3. No, total data is numeric not a single character. Col1=2 numeric, Col2=4 numeric, Col3=1 to 7 numericals and from Col4 fixed 6 numeric.
Sample data:
ST|BRIN|TP|KEY1|KEY2|KEY3|KEY4|KEY5|KEY6|KEY7|KEY8|KEY9|KEY10|KEY11|KEY12|KEY13|KEY14|KEY15|KEY16|KEY17|KEY18|KEY19|KEY20|KEY21|KEY22|KEY23|KEY24|KEY25|KEY26|KEY27|KEY28|KEY29|KEY30|KEY31|KEY32|KEY33|KEY34|KEY35|KEY36|KEY37|KEY38|KEY39|KEY40|KEY41|KEY42|KEY43|KEY44|KEY45|KEY46|KEY47|KEY48|KEY49|KEY50|KEY51|KEY52|KEY53|KEY54|KEY55|KEY56|KEY57|KEY58|KEY59|KEY60|
53|5305|1|722101|722102|722103|722104|722105|722106|722107|722108|722109|722110|722111|722112|722113|722114|722115|722116|722117|722118|722119|722120|722121|722122|722123|722124|722125|722126|722127|722128|722129|722130|722131|722132|722133|722134|722135|722136|722137|722138|722139|722140|722141|722142|722143|722144|722145|722146|722147|722148|722149|722150|
53|5305|1|745551|745552|745553|745554|745555|745556|745557|745558|745559|745560|745561|745562|745563|745564|745565|745566|745567|745568|745569|745570|745571|745572|745573|745574|745575|745576|745577|745578|745579|745580|745581|745582|745583|745584|745585|745586|745587|745588|745589|745590|745591|745592|745593|745594|745595|745596|745597|745598|745599|745600|
53|5305|1|823126|813002|813003|813004|813005|813006|813007|813008|813009|813010|813011|813012|813013|813014|813015|813016|813017|813018|813019|813020|813021|813022|813023|813024|813025|813026|813027|813028|813029|813030|813031|813032|813033|813034|813035|813036|813037|813038|813039|813040|813041|813042|813043|813044|813045|813046|813047|813048|813049|813050|
37|2037|22|575196|514202|514203|514204|514205|514206|514207|514208|514209|514210|514211|514212|514213|514214|514215|514216|514217|514218|514219|514220|514221|514222|514223|514224|514225|514226|514227|514228|514229|514230|514231|514232|514233|514234|514235|514236|514237|514238|514239|514240|514241|514242|514243|514244|514245|514246|514247|514248|514249|514250|
37|2037|22|713951|713952|713953|713954|713955|713956|713957|713958|713959|713960|713961|713962|713963|713964|713965|713966|713967|713968|713969|713970|713971|713972|713973|713974|713975|713976|713977|713978|713979|713980|713981|713982|713983|713984|713985|713986|713987|713988|713989|713990|713991|713992|713993|713994|713995|713996|713997|713998|713999|714000|
Title: Re: Update CSV files
Post by: dbenham on December 05, 2014, 09:57:05 AM
The basic algorithm is fairly simple.

1) sort the input descending so header remains at top.
2) initialize PreviousKey to something that will never match
3) for each line: (note, writes are without \n unless explicitly stated)
     - if 1st line than write line
     - else if key = previousKey write nonKey data
     - else write \n + entire line
4) terminate the last line with \n

This can be done easily with VBScript or JScript or PowerShell.

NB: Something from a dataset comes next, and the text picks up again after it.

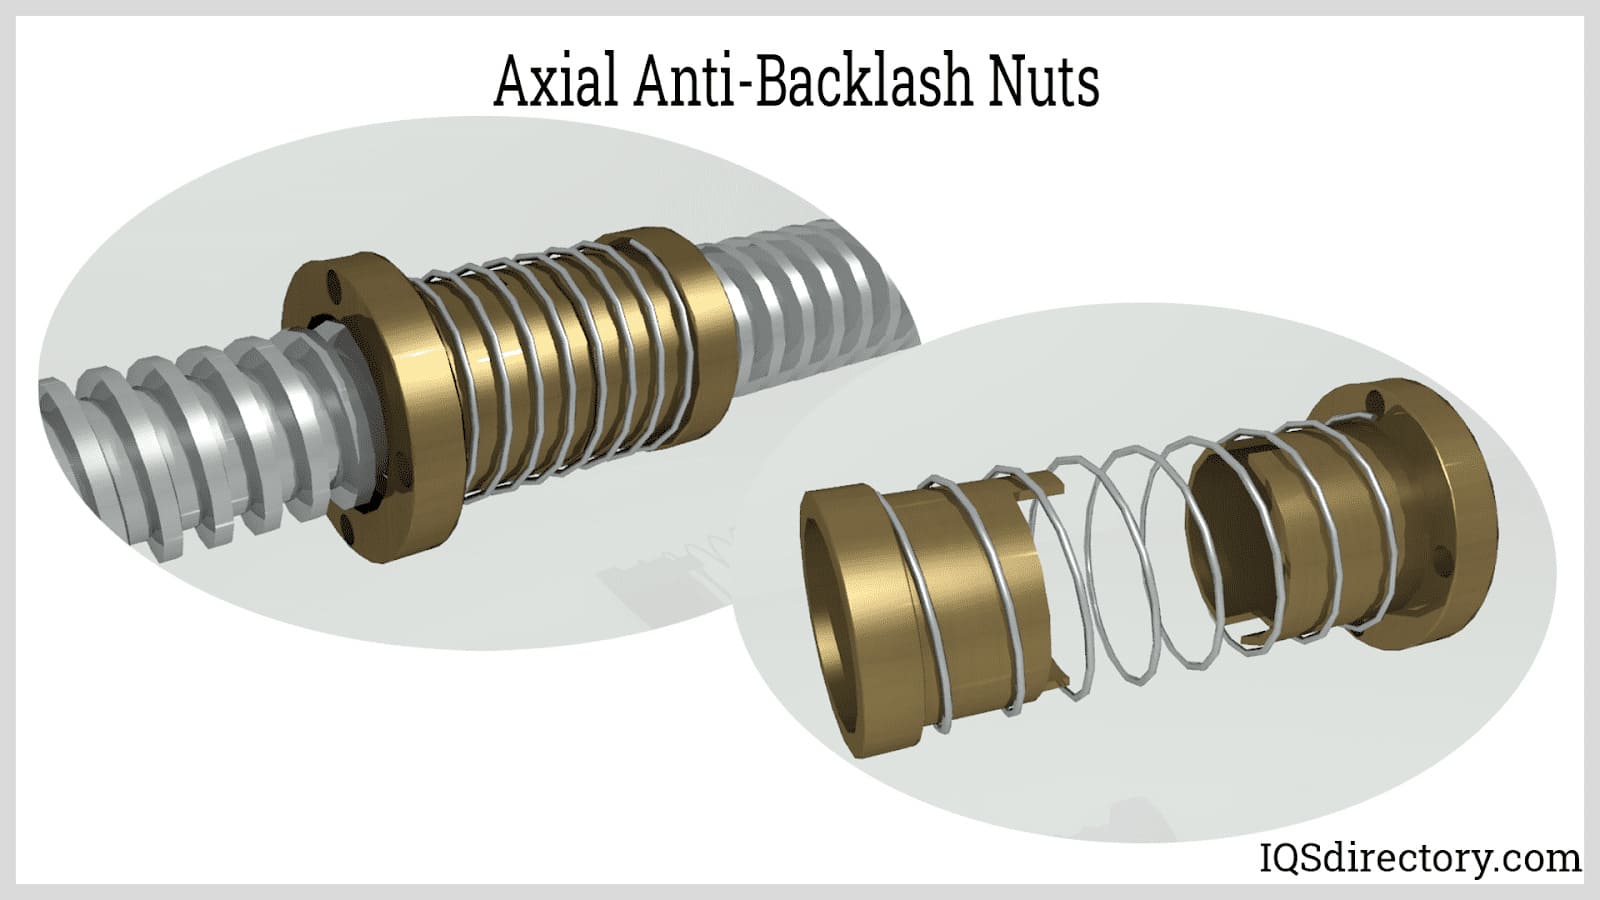 Axial Anti-Backlash Nuts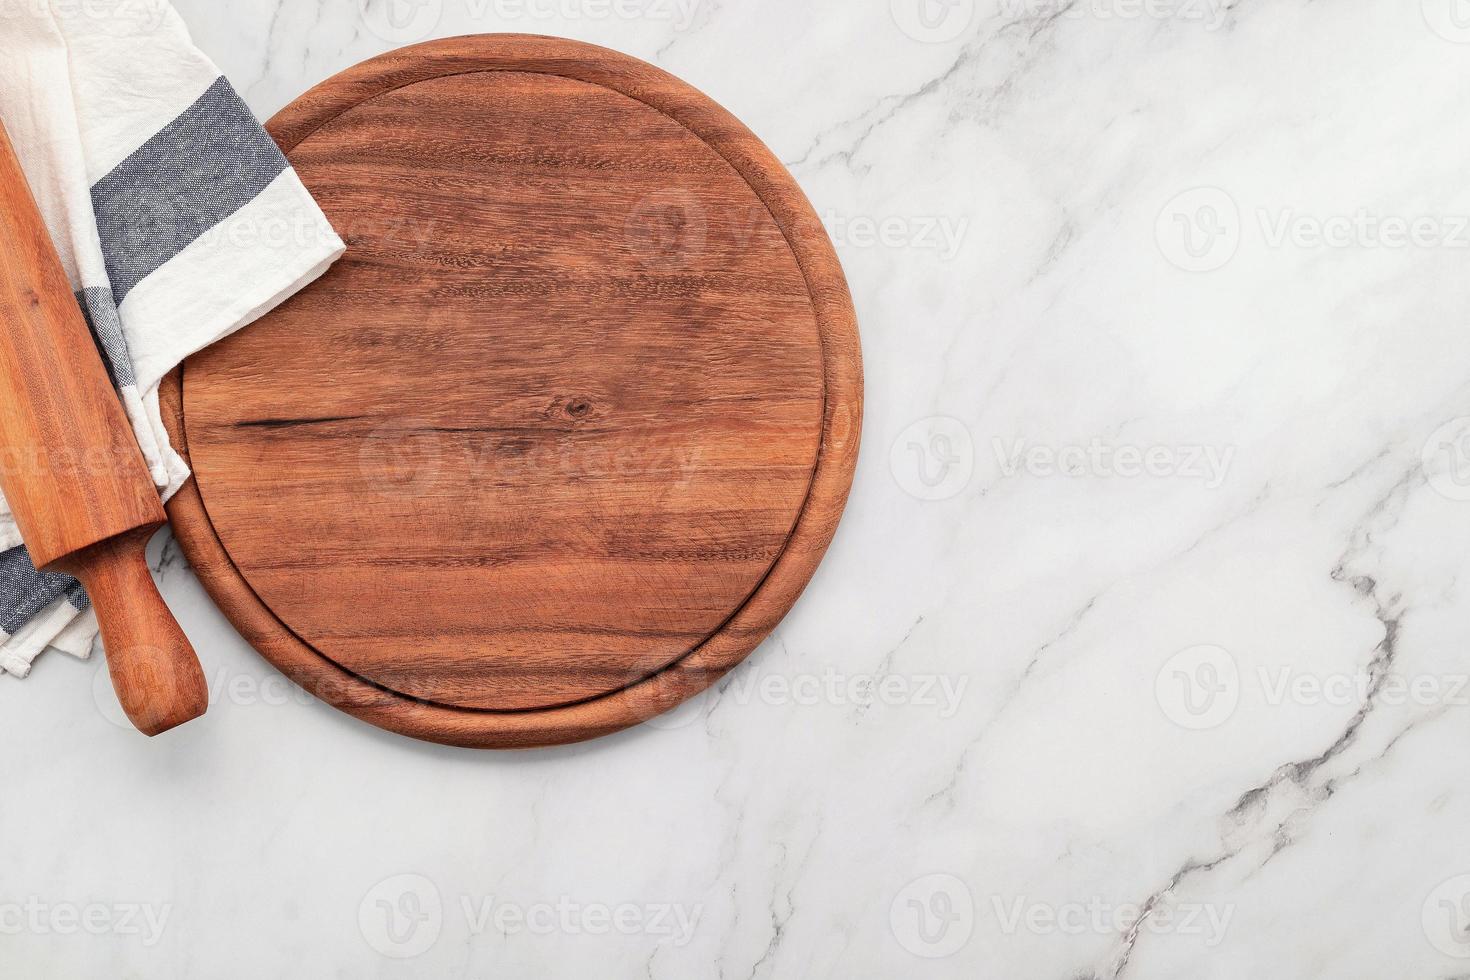 Plato de pizza de madera vacía con servilleta sobre piedra de mármol foto

Or you could use batch coupled with JREPL.BAT (http://www.dostips.com/forum/viewtopic.php?f=3&t=6044)
Code: [Select]
@echo off
sort /r %1 /o %1
call jrepl "^((?:.*?\|){3})(.*)" "output.Write($1==prev?$2:(prev?'\r\n':'')+$0);prev=$1;false;" /jmatch /jbeg "var prev" /f %1 /o -
echo(>>%1

I suppose it could be done with pure batch, but I would worry about performance, as well as the potential for lines to exceed the max batch string length of ~8191 bytes.
Title: Re: Update CSV files
Post by: Salmon Trout on December 05, 2014, 10:26:24 AM
Thanks, dbenham! I was inclining towards VBScript, because of the Dictionary Object but you have ridden to the rescue!